Not sure, might also depend on the age of your children. How many children are there?

I think you might only have to show money for one year and then again when you renew your permit.

Have a look here:

https://www.daad.de/deutschland/en/

and especially here:

https://www.daad.de/deutschland/nach-deutschland/voraussetzungen/en/9198-financing-your-studies/

and here:

https://www.daad.de/deutschland/nach-deutschland/bewerbung/en/9199-visa-application/

Would be a good idea to contact your nearest German Embassy or Consulate.


----------



## beppi

To get a visa, you need to show
- sufficient financial reserves for survival (in general, that means €8300/year per person)
- sufficient living space (e.g. rental apartment)
- health insurance (if you're joining the public insurance scheme, your dependants are covered free of charge)


----------



## ALKB

beppi said:


> To get a visa, you need to show
> - sufficient financial reserves for survival (in general, that means €8300/year per person)
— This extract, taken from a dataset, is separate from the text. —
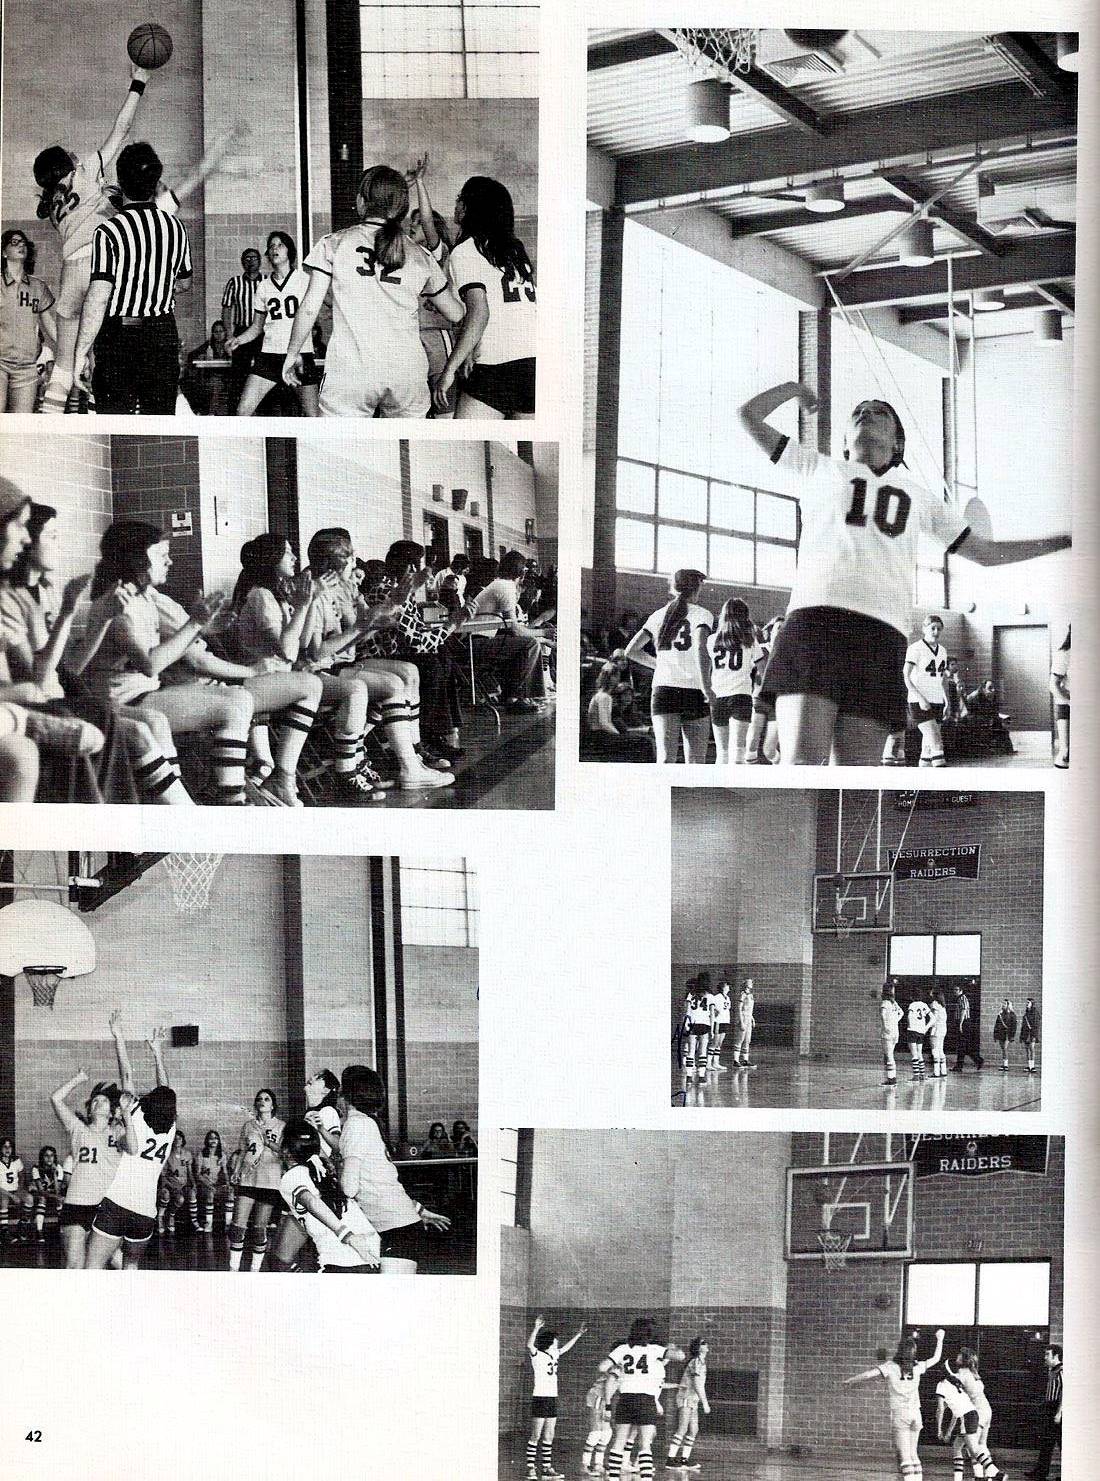 Elizabeth Seton High School Class of 1976

Does this also apply to children? Unfortunately, I couldn't find anything about this online. The Austrians are very clear about this, they want to see 747/month for a single student, 1120/month for a couple and less than 80 Euro/month for each child.


----------



## beppi

ALKB said:


> Does this also apply to children? Unfortunately, I couldn't find anything about this online. The Austrians are very clear about this, they want to see 747/month for a single student, 1120/month for a couple and less than 80 Euro/month for each child.


As far as I know, the regulations make no difference between children and adults.
But you should check with your nearest German embassy!


----------